*** Opening of Record extracts ***

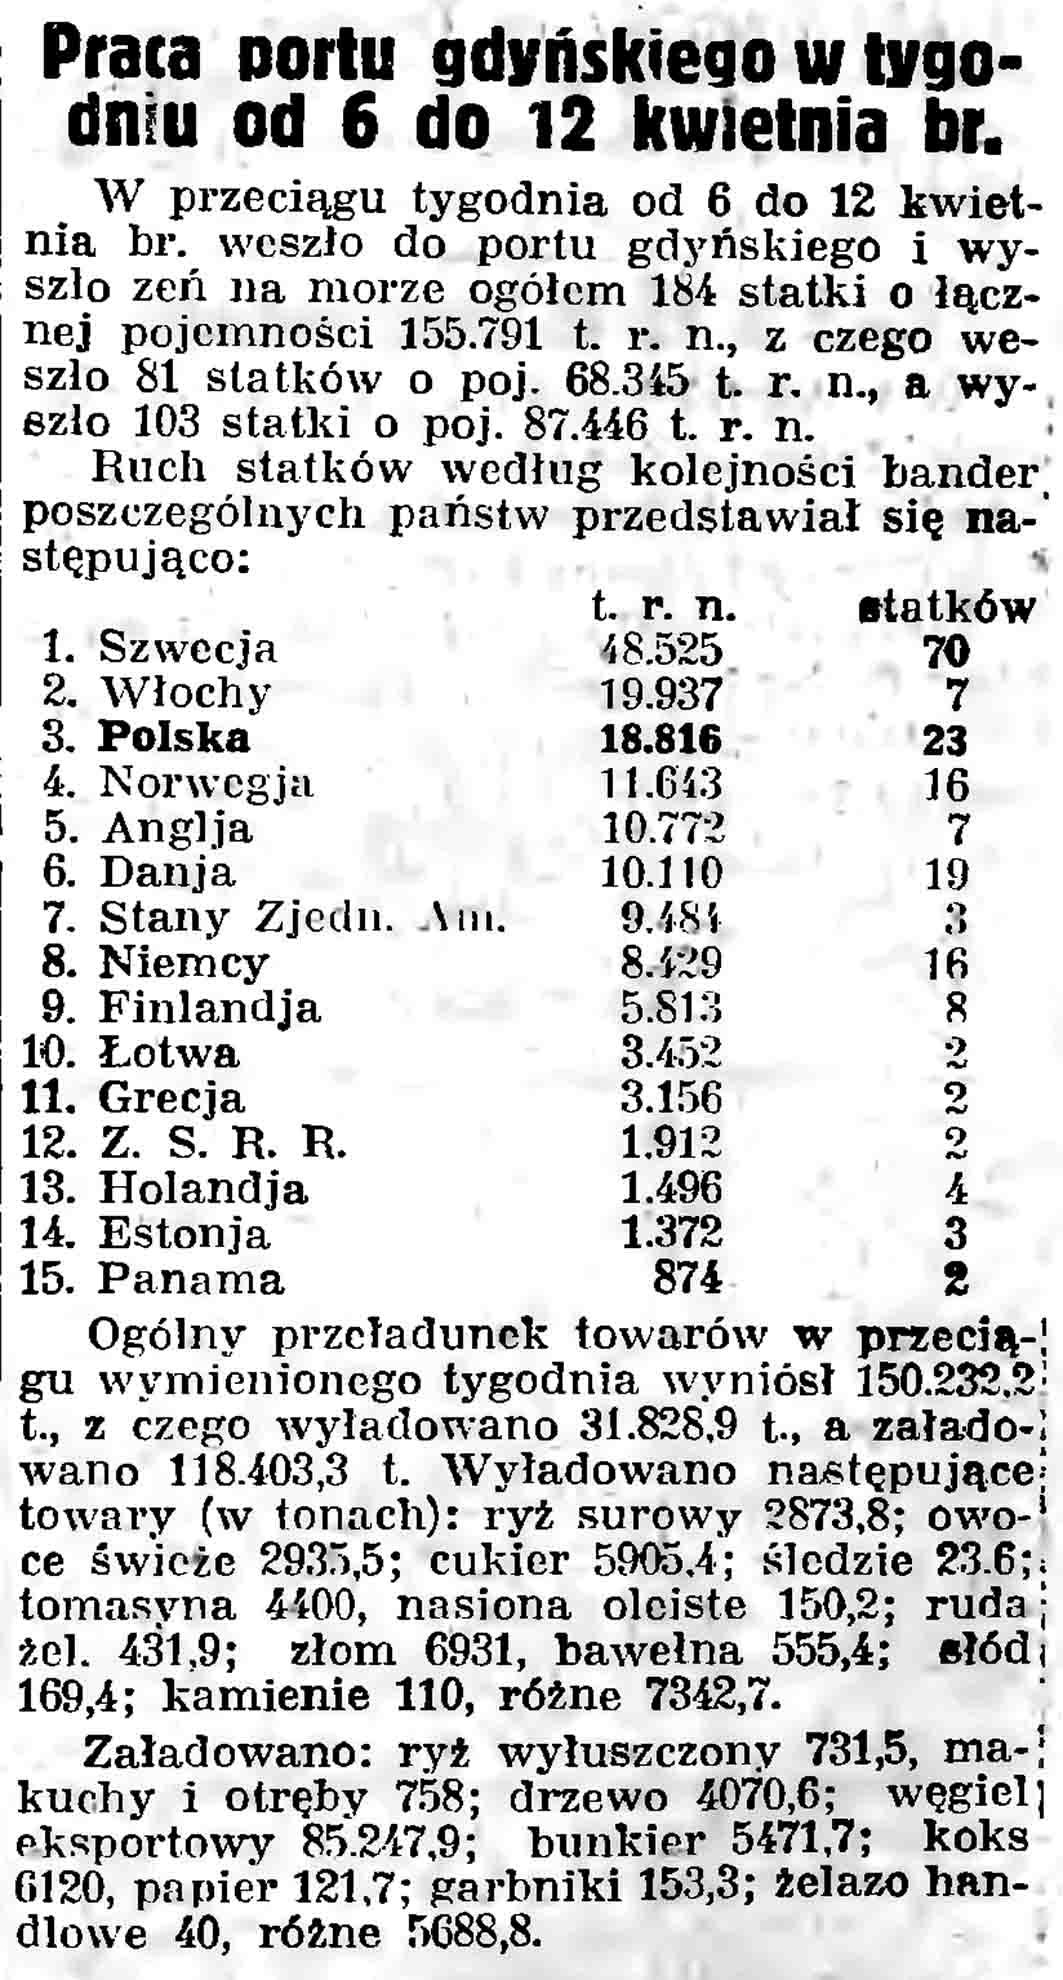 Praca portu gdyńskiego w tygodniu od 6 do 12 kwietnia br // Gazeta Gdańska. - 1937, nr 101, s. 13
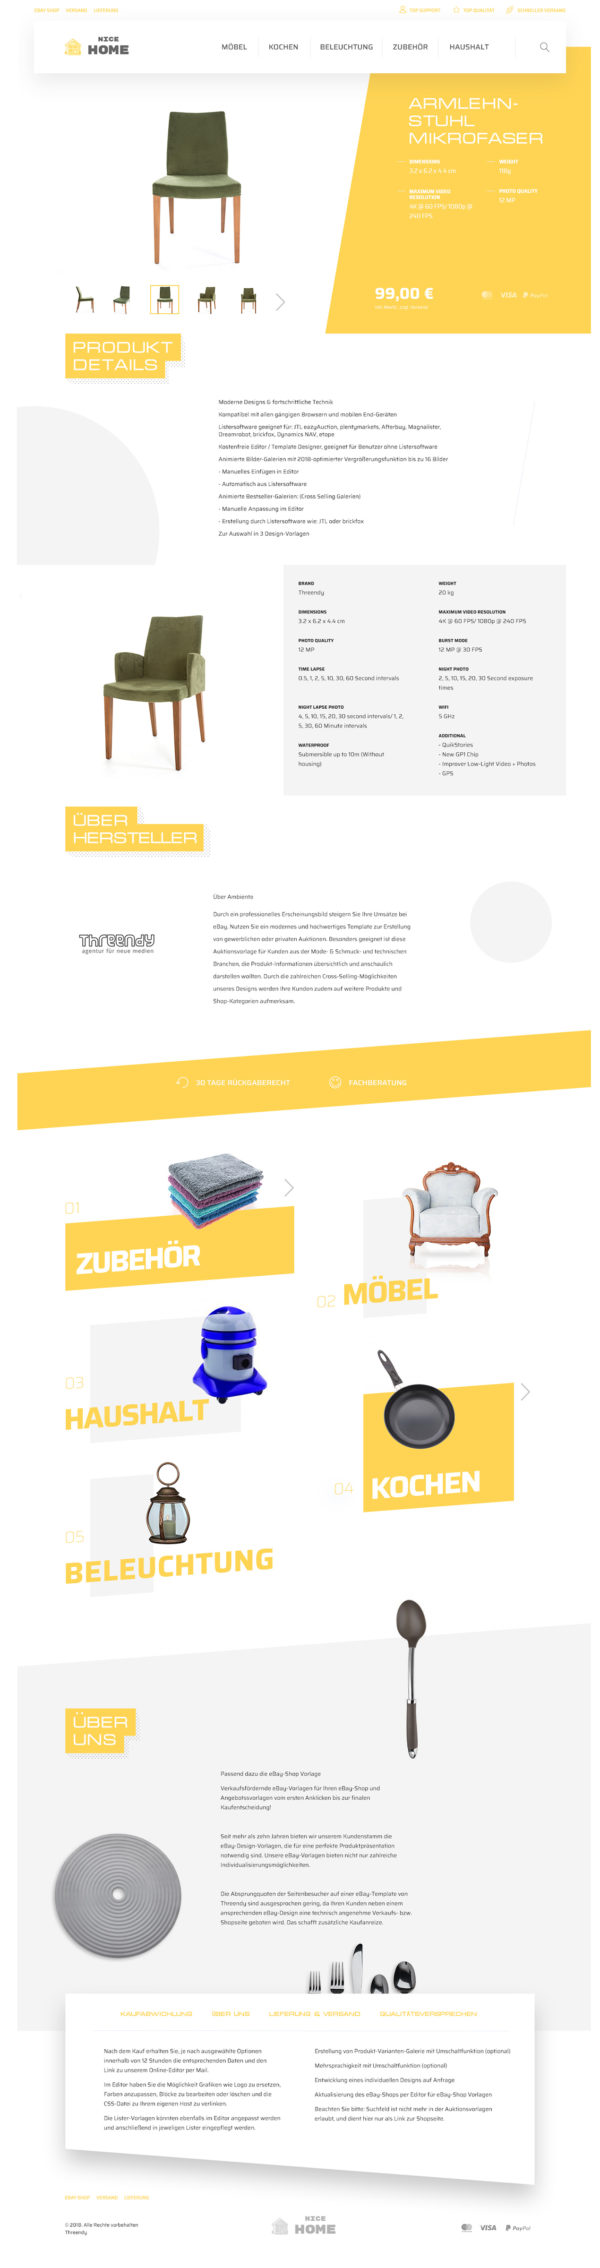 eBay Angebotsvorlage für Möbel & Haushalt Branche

*** Close of Record extracts ***
*** Opening of Record extracts ***

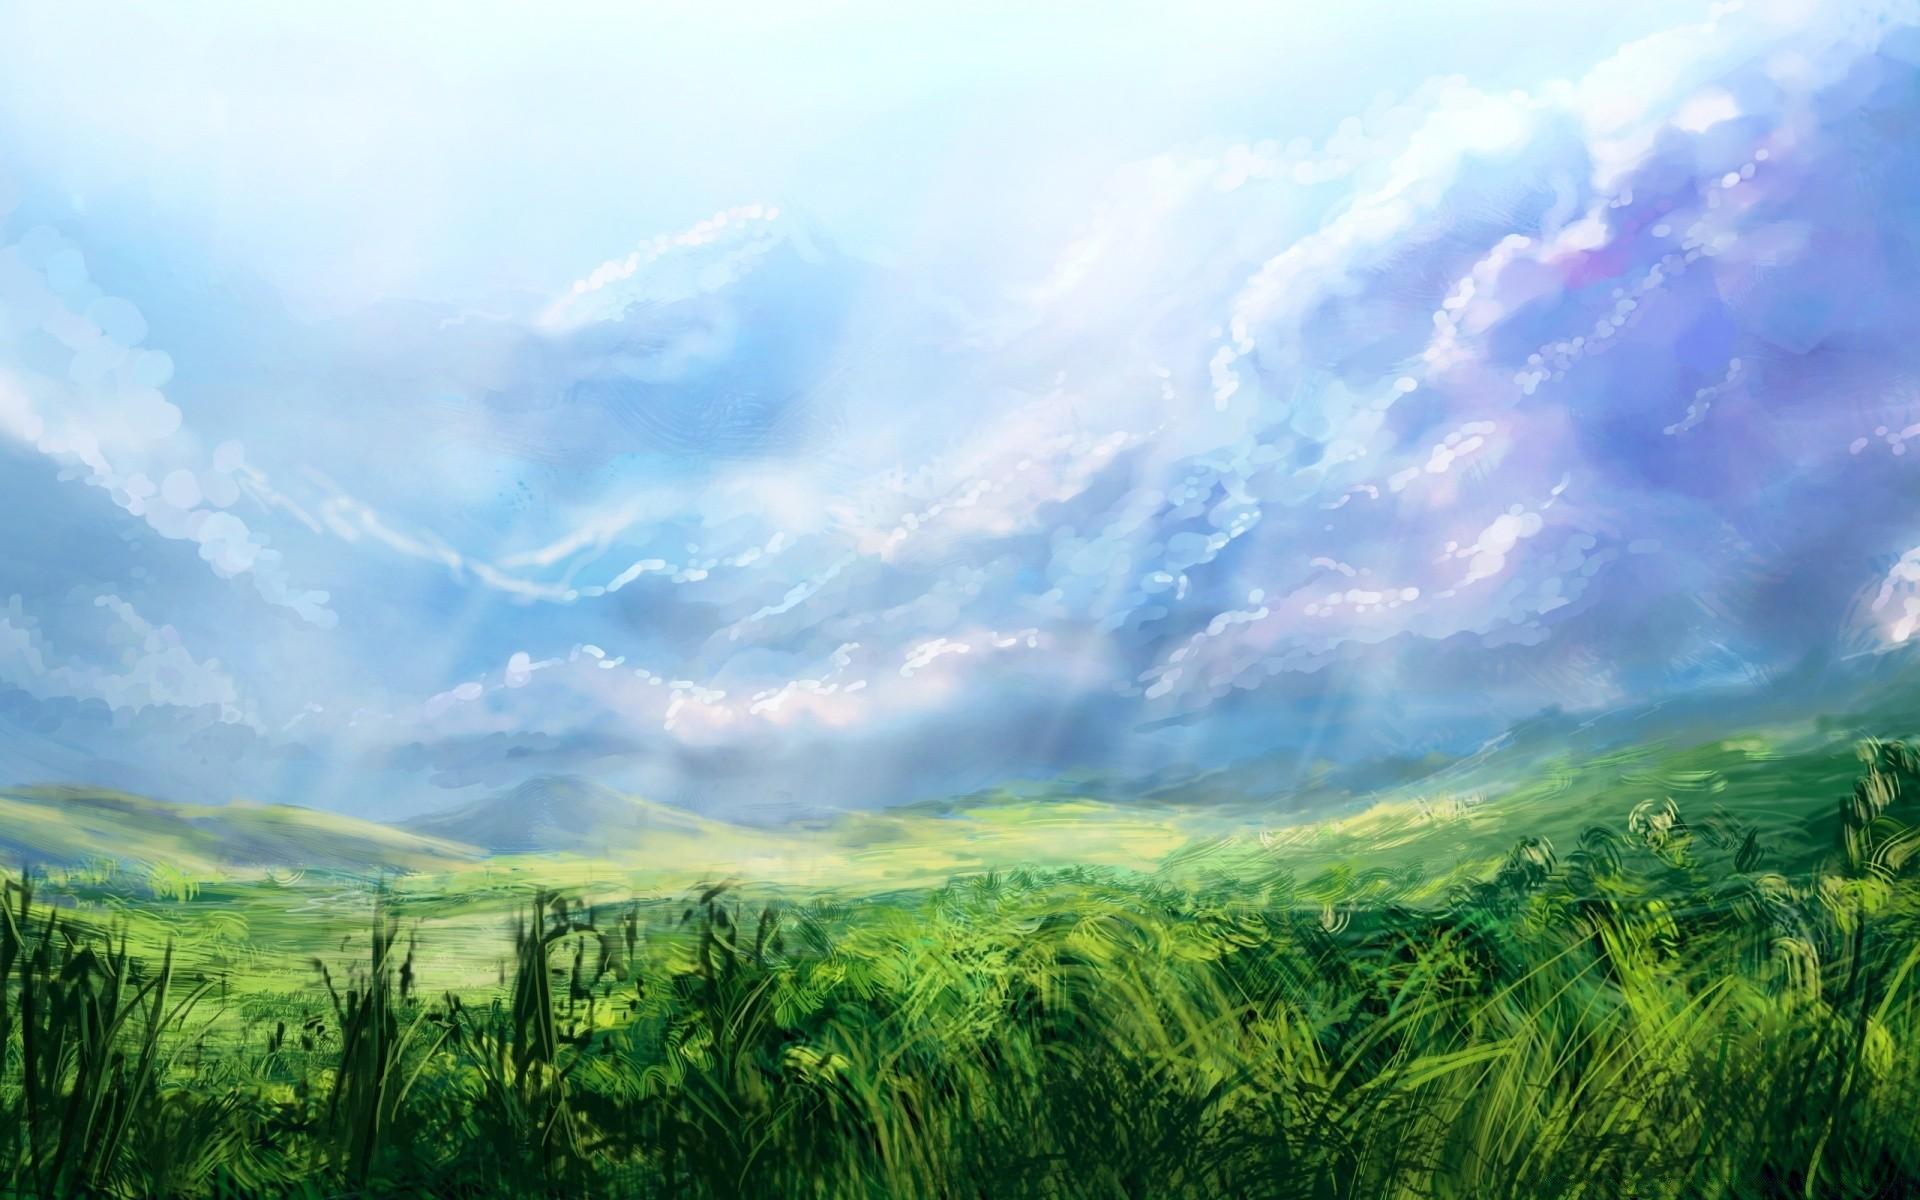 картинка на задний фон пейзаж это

*** Close of Record extracts ***
*** Opening of Record extracts ***

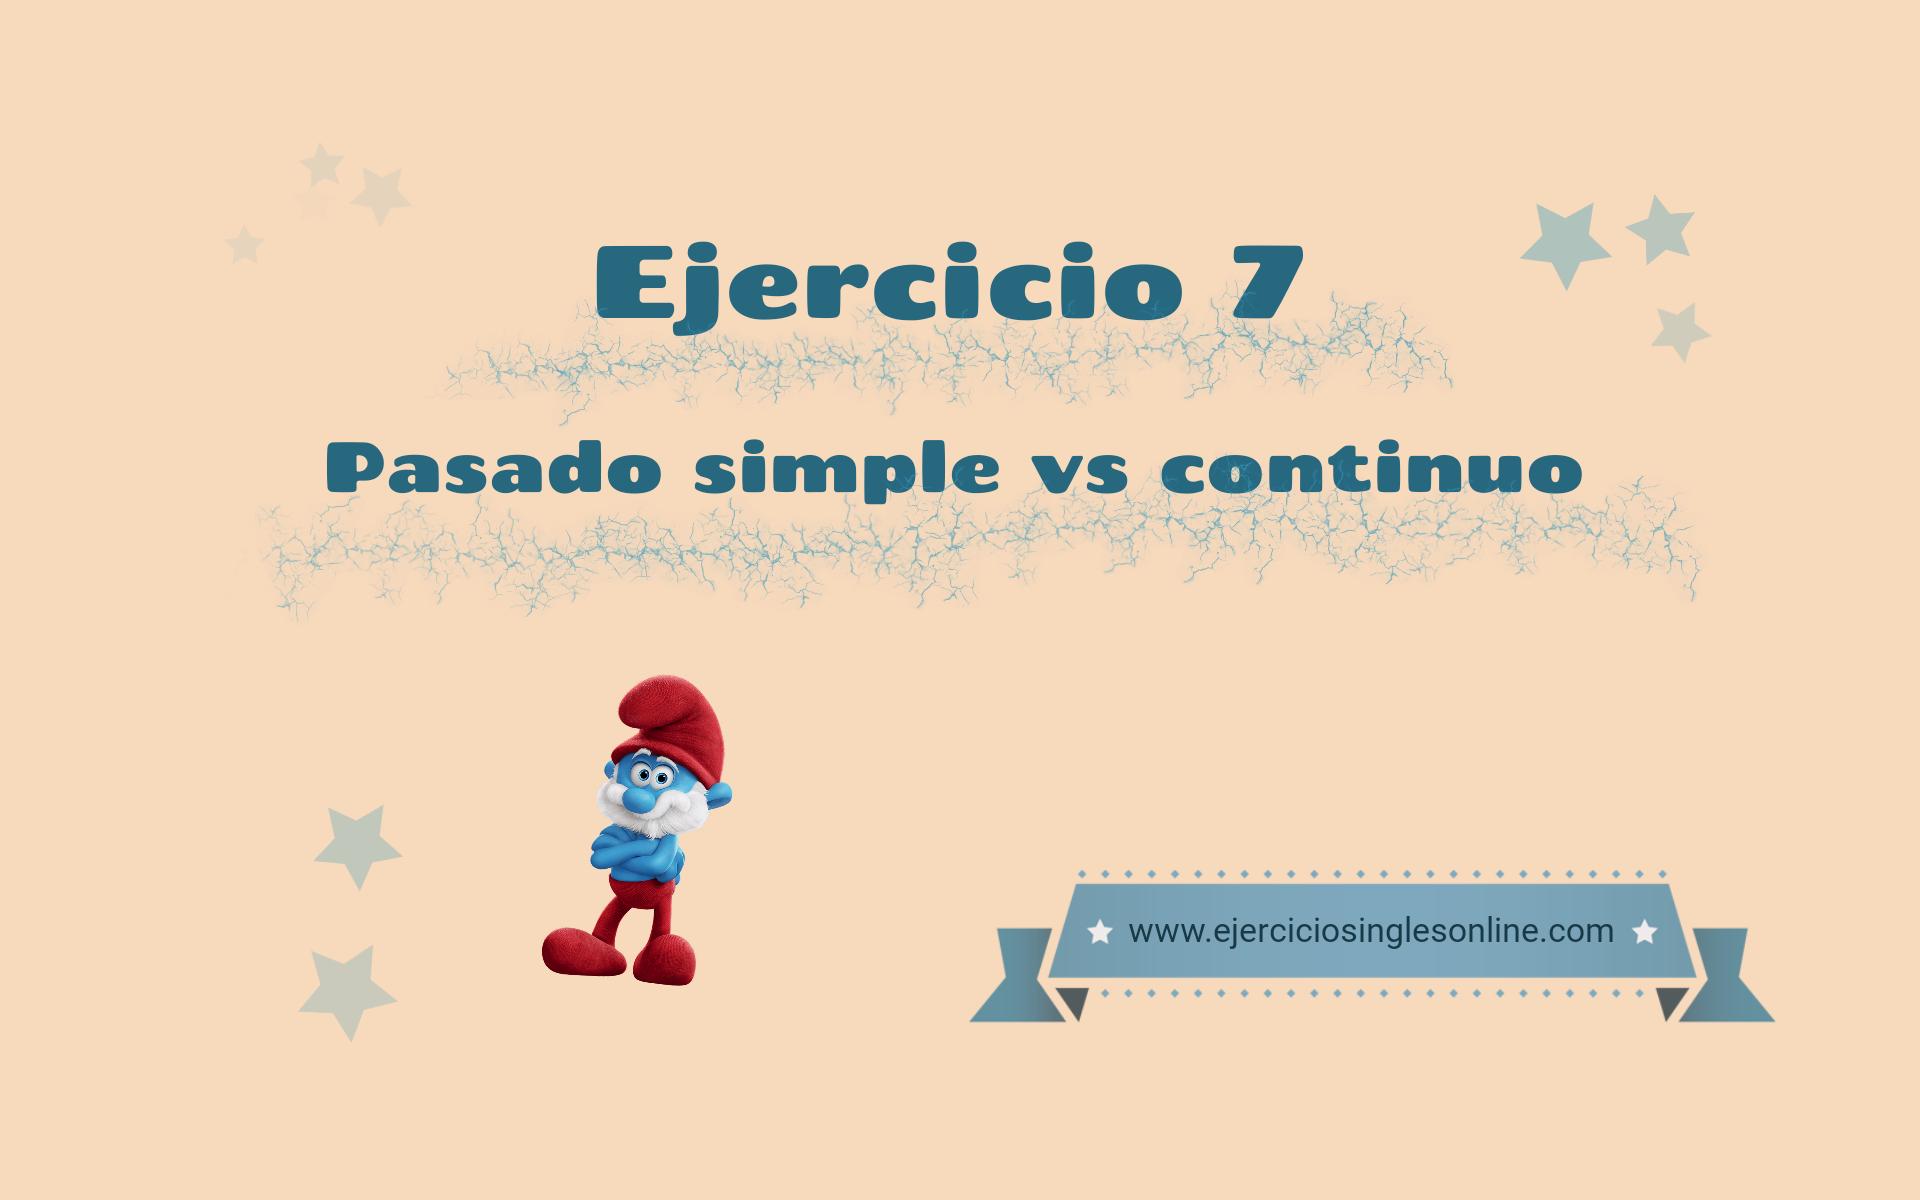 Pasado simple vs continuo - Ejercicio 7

*** Close of Record extracts ***

- **Work to be completed**
Going by the data above, give back only the lines from the one containing "Praca portu gdyńskiego" through the one containing "eBay Angebotsvorlage für", exactly as they stand, both ends included and no images.

- **Response**
 Praca portu gdyńskiego w tygodniu od 6 do 12 kwietnia br // Gazeta Gdańska. - 1937, nr 101, s. 13
 eBay Angebotsvorlage für Möbel & Haushalt Branche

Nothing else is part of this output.